Preparation of CeO2 nanoparticles supported on 1-D silica nanostructures for room temperature selective oxidation of styrene

CeO2 nanoparticles of 2–5 nm size supported on 1-D silica nanostructure with diameter of ∼25–40 nm and a length of ∼1–4 μm were synthesized hydrothermally and it was found that the catalyst is very active for selective oxidation of styrene to styrene oxide at room temperature.

Single-step synthesis of hierarchical BxCN: a metal-free catalyst for low-temperature oxidative dehydrogenation of propane

A boron- and nitrogen-co-doped mesoporous carbon (BxCN) material with a hierarchical pore structure has been synthesized from a new boron precursor via a nanocasting approach. The newly synthesized material was thoroughly characterized by different characterization techniques. It was observed that the BxCN material has an excellent specific surface area, versatile pore diameter and large pore volume. Moreover, the pore diameter can be tuned by varying the amount of the boron source. By using solid-state MAS NMR and XPS, we demonstrated the N–B–C-type structure of the material. The material presented here has excellent stability under an oxygen atmosphere and we also confirmed the catalytic proficiency of this newly developed material in C–H bond activation reactions. The mesoporous BxCN material displays promising catalytic activity for the oxidative dehydrogenation of propane (6.7%) with excellent selectivity for propylene (84.6%) without the presence of any metal.
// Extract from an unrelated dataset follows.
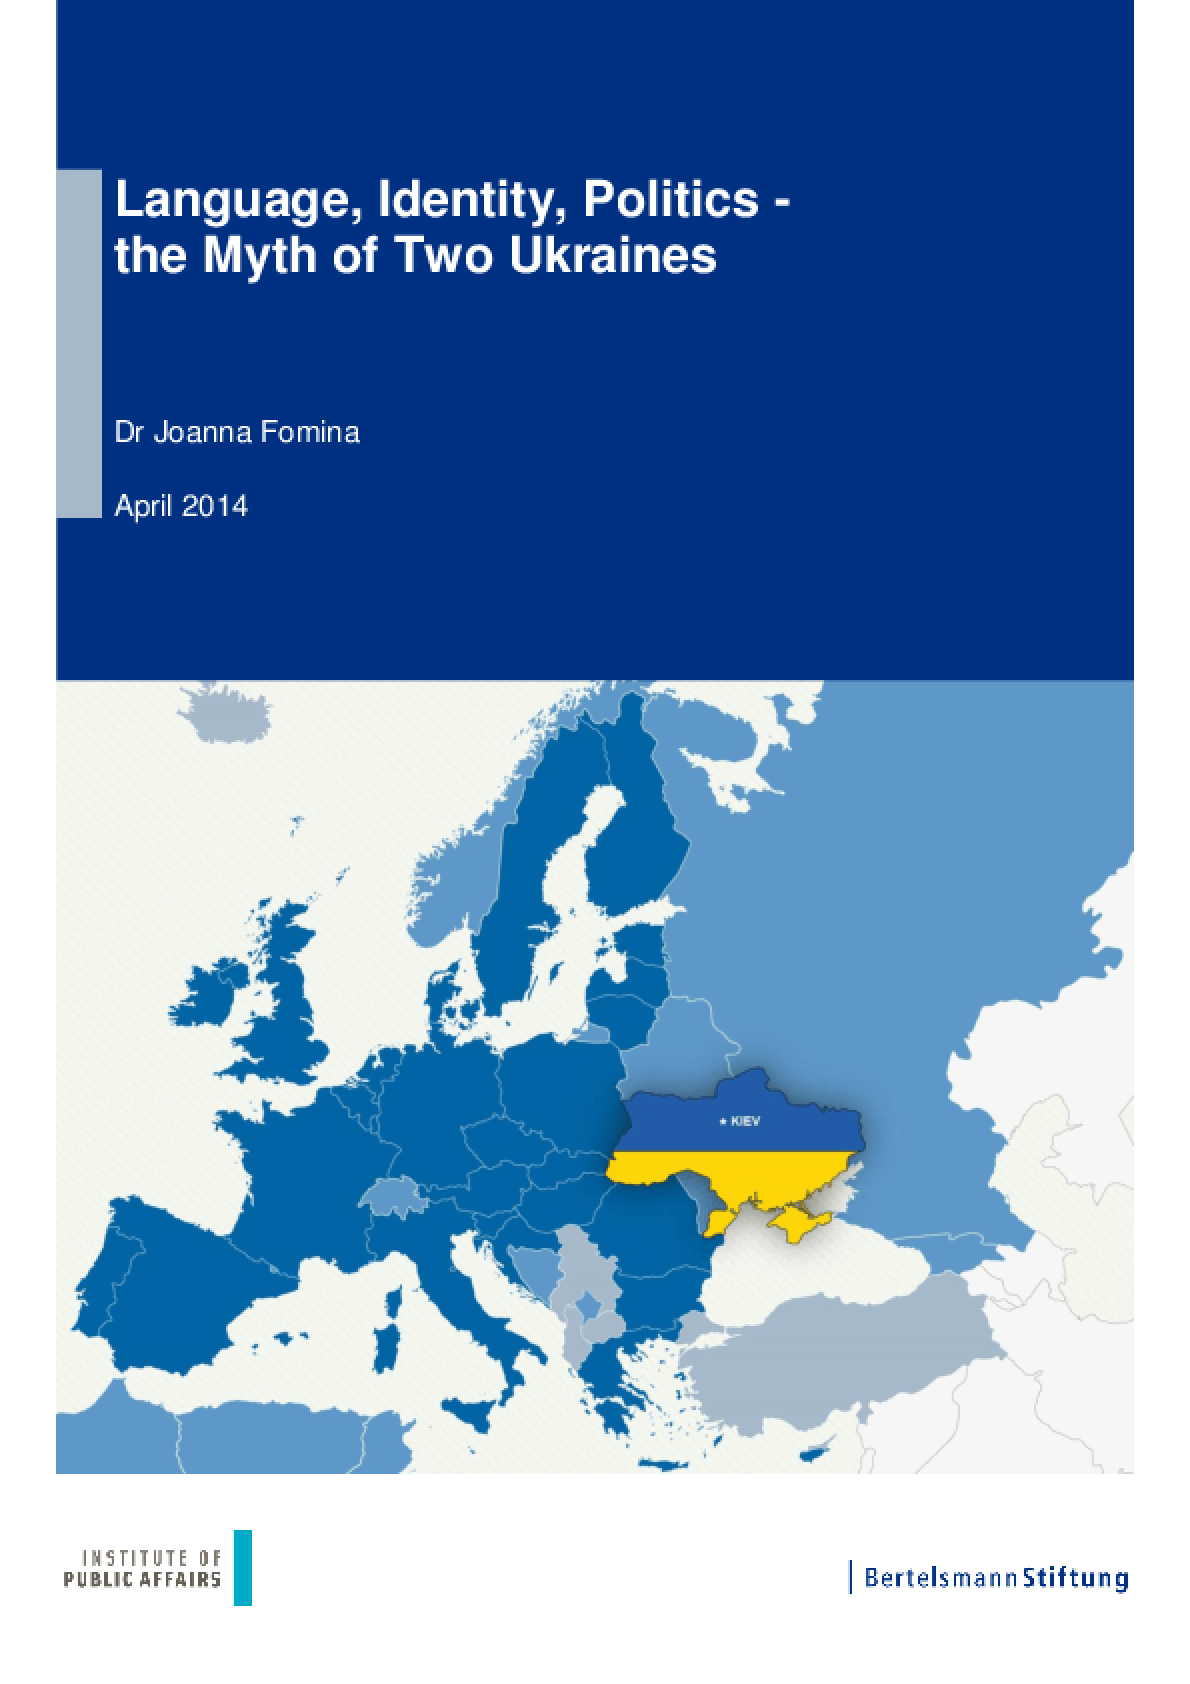 Language, Identity, Politics - the Myth of Two Ukraines
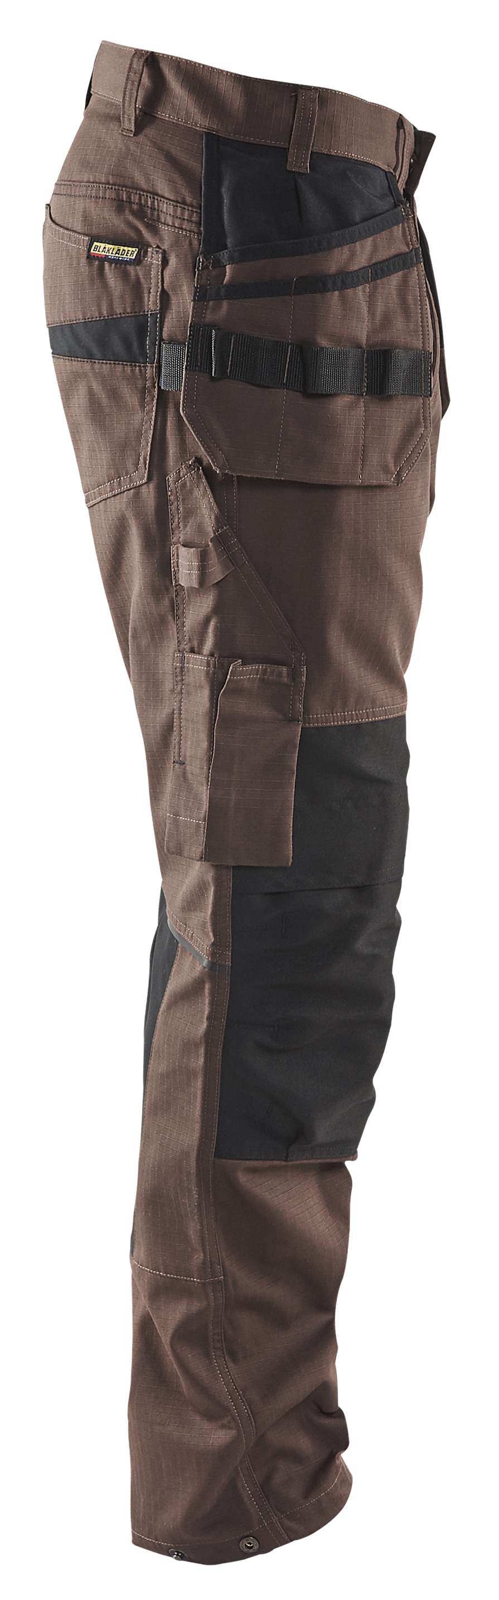 Blaklader Werkbroeken 14961330 met Stretch bruin-zwart(7899)

Highly selective transfer hydrogenation of α,β-unsaturated carbonyl compounds using Cu-based nanocatalysts

Simultaneous dehydrogenation of cyclohexanol to cyclohexanone and hydrogenation of α,β-unsaturated carbonyl compounds to corresponding α,β-unsaturated alcohols was carried out in a single pot reaction without addition of any external hydrogen donor. Cu nanoclusters supported on nanocrystalline MgO were found to be the active catalyst for the chemoselective transfer hydrogenation of unsaturated carbonyl compounds to produce the corresponding alcohols with very high yields. Transfer hydrogenation of cyclohexanol and cinnamaldehyde produced cyclohexanone and cinnamyl alcohol with 100% selectivity. This Cu/MgO catalyst can be easily recovered and recycled up to more than five times without any significant loss of activity, which confirmed the true heterogeneous nature of this catalyst. Several α,β-unsaturated compounds were also tested for this reaction and it was found that for all the cases the yield is >95%. The ease of handling without requiring high pressure H2 or a hazardous hydrogen source makes this transfer hydrogenation more practical and useful.

Hydrogenation of 5-hydroxymethylfurfural to 2,5 dimethylfuran over nickel supported tungsten oxide nanostructured catalyst

2,5 Dimethylfuran (DMF) can be considered as a promising new generation alternative fuel, which has the potential to solve the fossil fuel shortage and also the ongoing global warming issues. Although there are several reports in the literature on the production of DMF from 5-hydroxymethylfurfural, in most of the cases, the operating pressure is very high and expensive metals, such as Pd, Pt, and Rh, have been used in the presence of organic solvents. Herein, we report the preparation of nickel oxide nanoparticles supported on nanostructured tungsten oxide and the use of this catalyst as a heterogeneous catalyst for the selective hydrogenation of the biomass-derived platform molecule 5-hydroxymethylfurfural (HMF) to 2,5-dimethylfuran (DMF), a liquid fuel, at 10 bar H2 pressure and 180 °C temperature in an aqueous medium. The catalyst was characterized using XRD, TEM, SEM, XPS, Raman and FTIR spectroscopies, TGA, and ICP-AES techniques. The catalyst showed >99% conversion of HMF with 95% selectivity of DMF without the use of any additives under optimized reaction conditions. The effect of reaction parameters, such as temperature, pressure of H2, and the loadings of Ni, was investigated and has been discussed in detail. The reusability of the catalyst was tested by conducting repeat experiments with the spent catalyst, where it was found that the catalyst displayed no changes in its activity and selectivity even after 5 successive runs. Based on the experimental results, a possible reaction pathway has been proposed.